Only Lovers Left Alive, comment un film avec un tel titre a-t-il pu passer inaperçu au dernier festival de Cannes ? Le nouveau film de Jim Jarmush raconte les errements de deux âmes perdues dans une époque qu'il ont du mal à comprendre. Adam et Eve, peut-être les premiers et les derniers amoureux de l'humanité, s'aiment depuis plusieurs siècles et visiblement leur amour est leur seule raison de vivre.
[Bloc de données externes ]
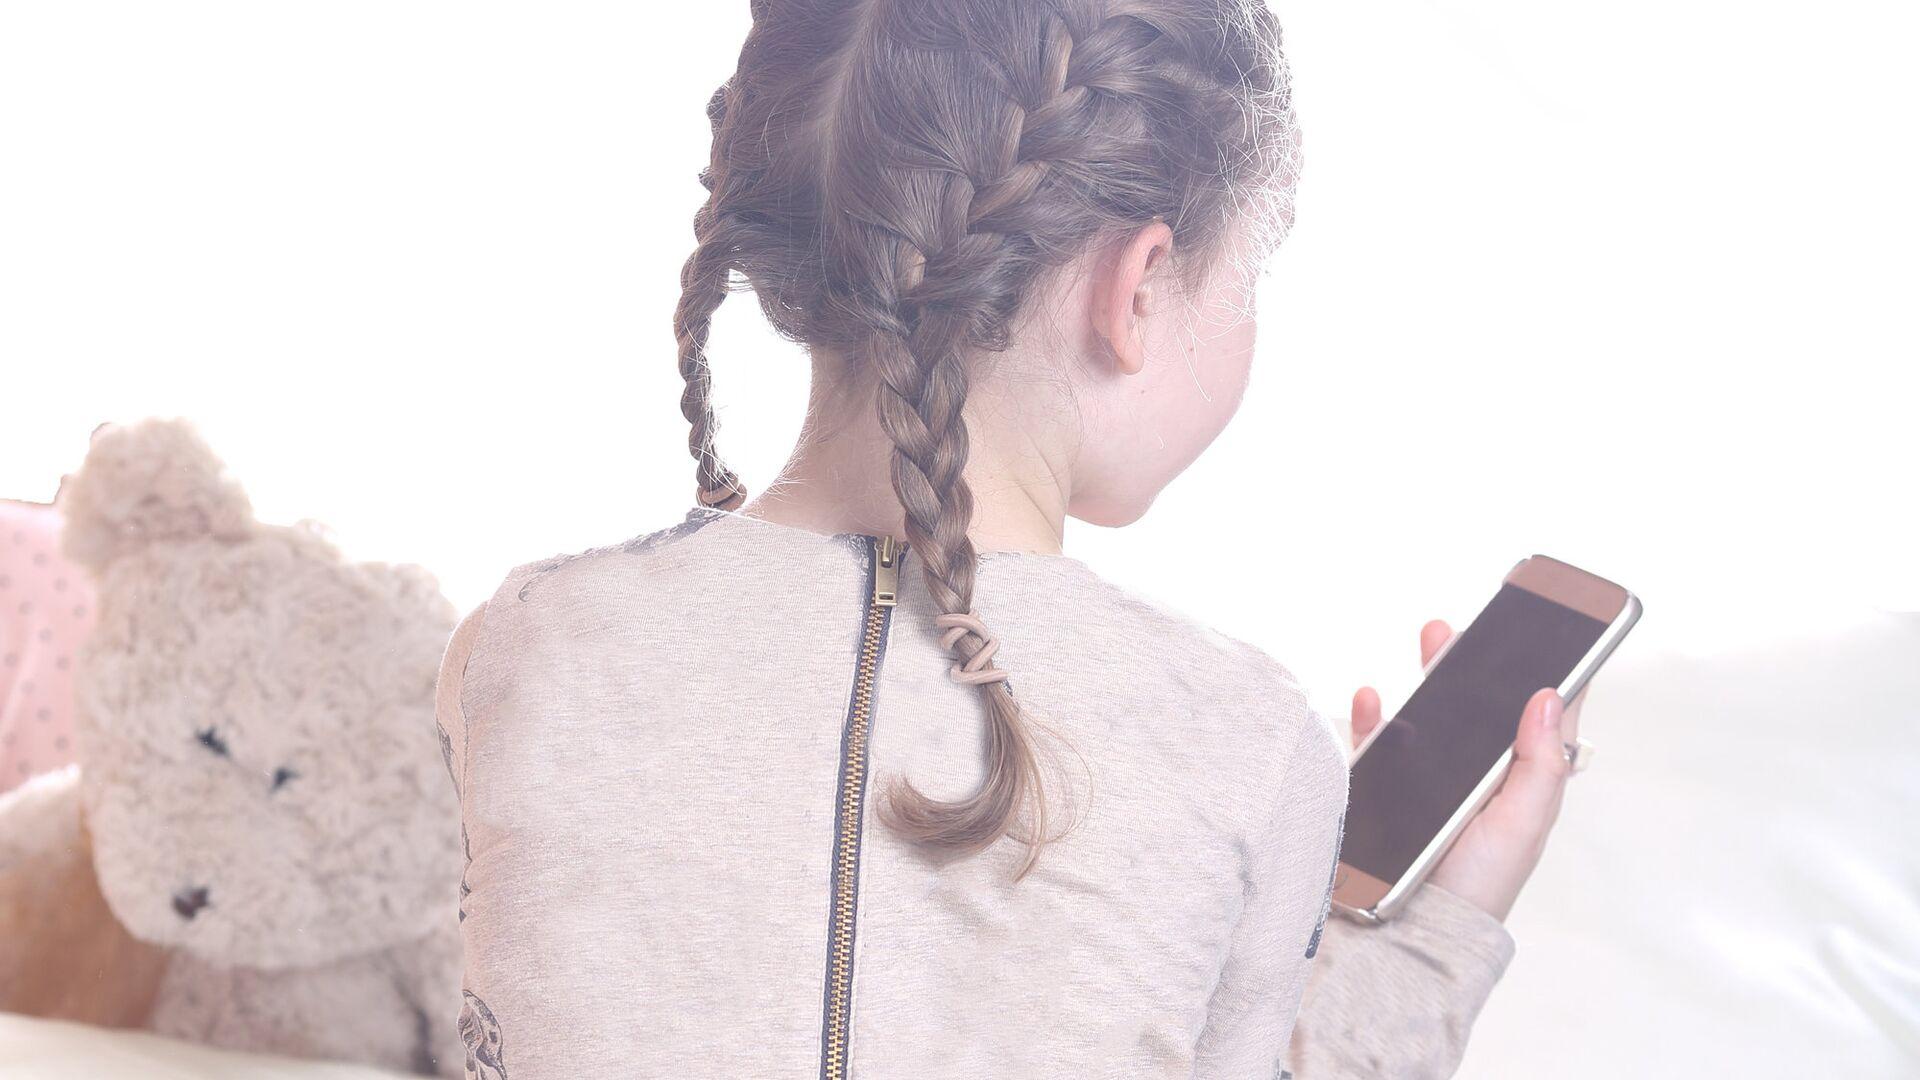 Ребенок со смартфоном  - РИА Новости, 1920, 02.03.2021
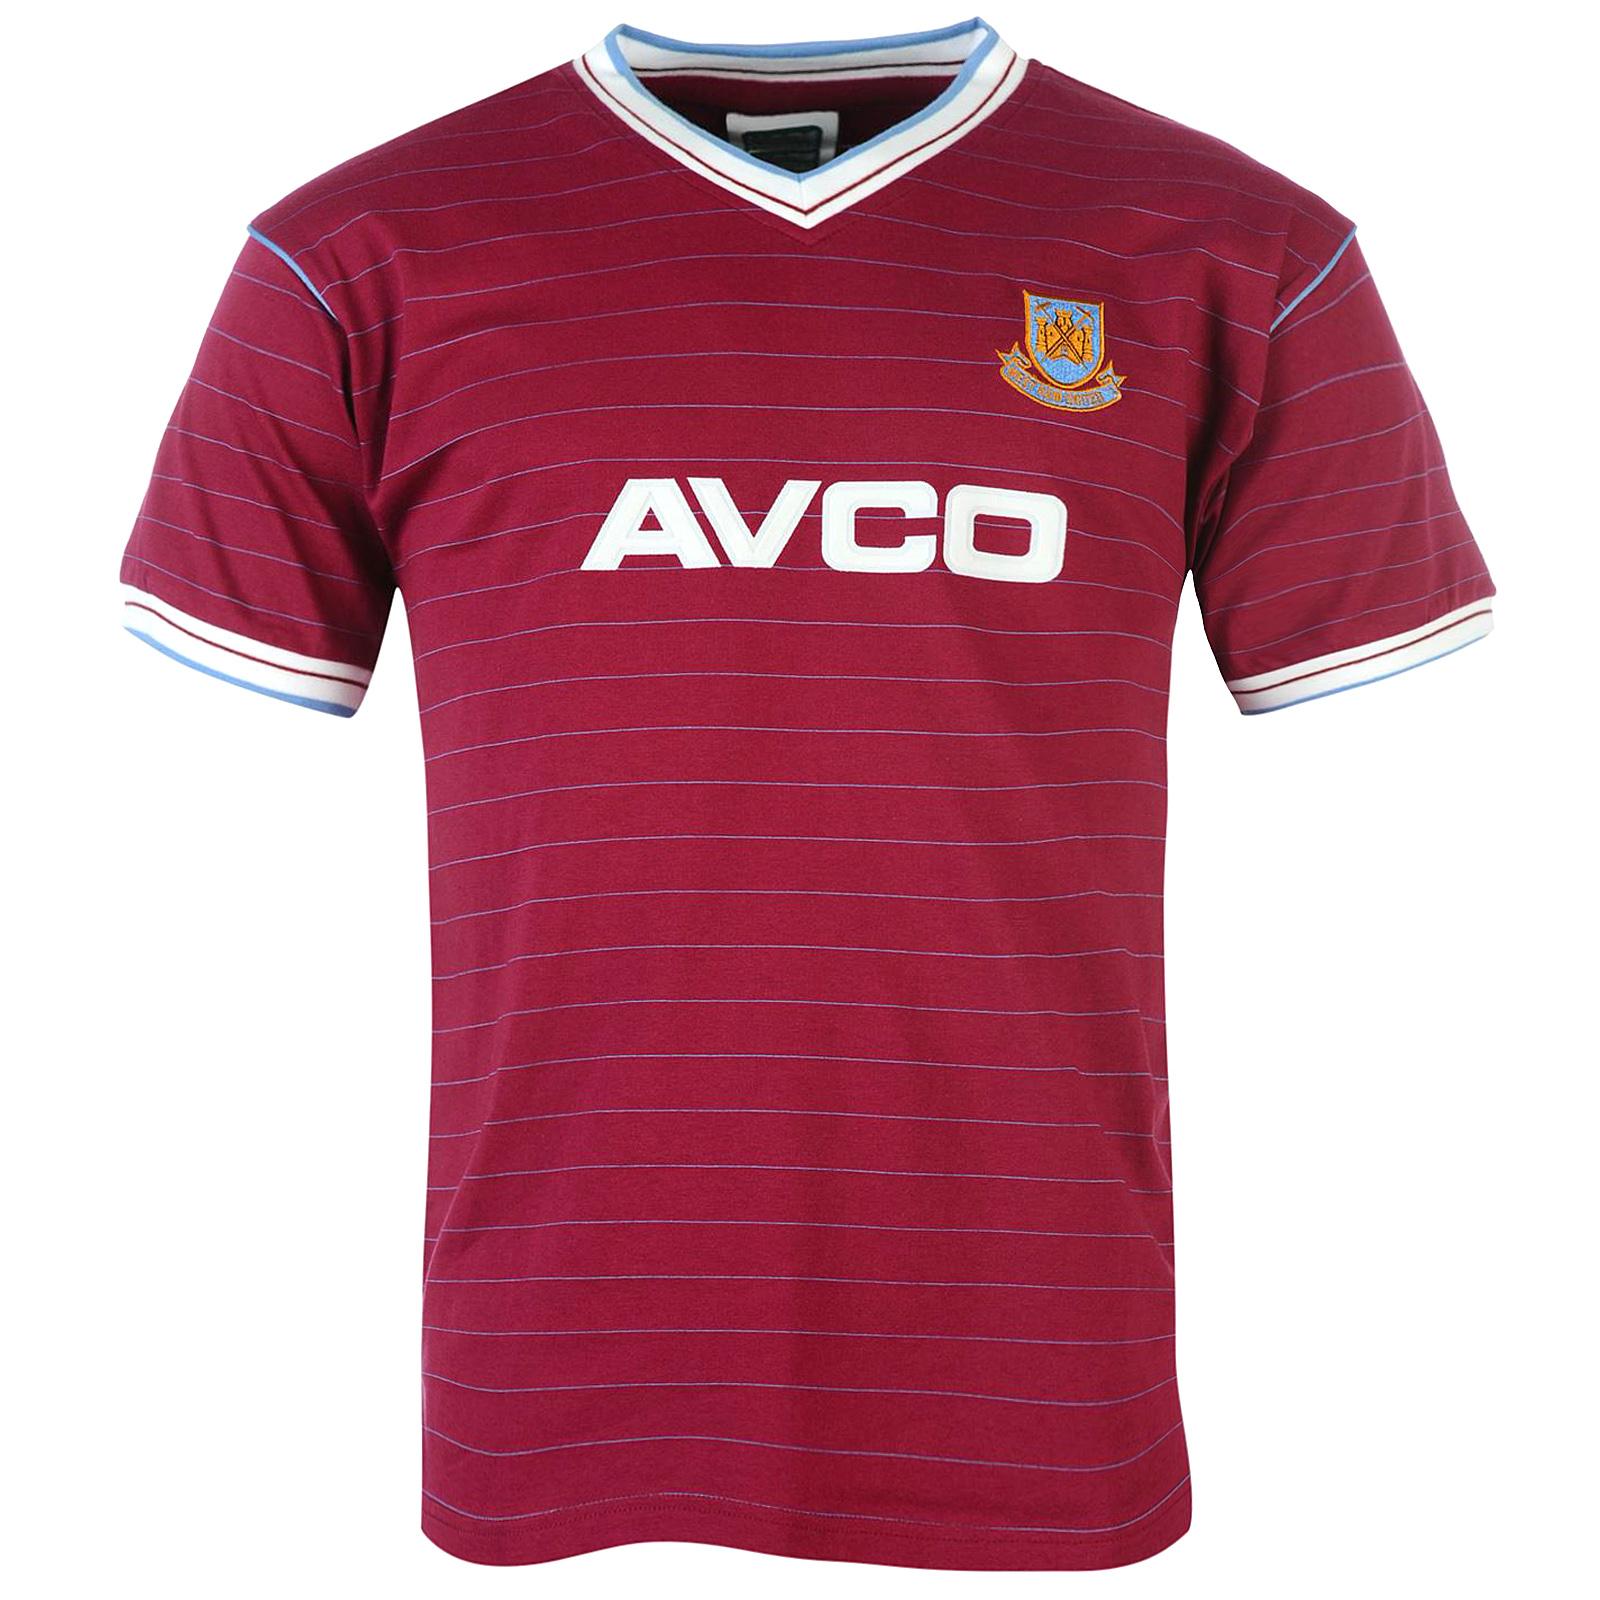 West Ham United Fc Official Football Gift Mens 1986 1983 Retro Home Kit Shirt Ebay

Jarmush, cinéaste underground qui sait mieux que personne esquisser à grands traits une génération a réalisé de grands films dans les années 80 et 90. Mais depuis une petite dizaine d'année, le réalisateur indépendant semble en mal d'inspiration, en témoigne le peu inspiré et trop théorique The Limits of Control. Serait-ce peut-être le XXIe siècle qui le dérange ? Avec Only Lovers Left Alive, Jarmush clame sa nostalgie de la fin du siècle. Détroit, symbole d'une économie en perdition dans une époque révolue est au centre de son dernier film. Avec un opéra transformé en parking, la ville américaine symbolise mieux qu'une autre le ''c'était mieux avant''. L'idée géniale et inespérée des vampires permettent à Jarmush de poser des principes d'éternité, comme la musique, la littérature et bien entendu : l'amour.
Dans ce film les artistes sont littéralement éternels, ils ont traversé les époques et sont donc à même de comprendre les maux du monde. Il se peut que les génies que nous admirons soient en réalité des vampires, comme Christopher Marlowe, contrairement à ce zombie et plagiaire de Shakespeare. Adam a composé des symphonies attribuées à Schubert, Jarmush a réalisé Mystery Train... Et nous autres, pauvres mortels, ne sommes qu'une bande de philistins. Only Lovers Left Alive est donc plus que jamais l’œuvre d'un artiste mélancolique.
Comme souvent chez le réalisateur de Stranger Than Paradise ou de Down by law on nous montre la rencontre de personnages venant d'horizons différents, et leur difficulté de communiquer. Adam et Eve sont de respectables vampires, s’approvisionnant de sang dans les réserves des hôpitaux. Le cœur du film est bien sûr l'arrivée encombrante d'Ava, censée personnifier la vulgarité de notre époque. La jeune vampire, grande consommatrice de sang, ne sait pas se tenir, elle aime les programmes bidons à la télévision et pire, ne sait même plus aimer, allant jusqu'à boire à la veine dès le premier soir, au XXIe siècle (!), l'homme qu'elle convoitait.
Ce film aurait largement mérité un prix de la mise en scène à Cannes, voire beaucoup plus. On est happé dès les premiers sons de guitare par la douceur, le romanesque et l'authenticité de cette ballade gothique. Only Lovers Left Alive est le film d'un dandy nostalgique préoccupé par la déculturation grandissante de notre époque. C'était sans compter sur la plus grande des actrices, Tilda Swinton, qui nous fait définitivement tomber amoureux du film. Preuve que nous sommes toujours vivant.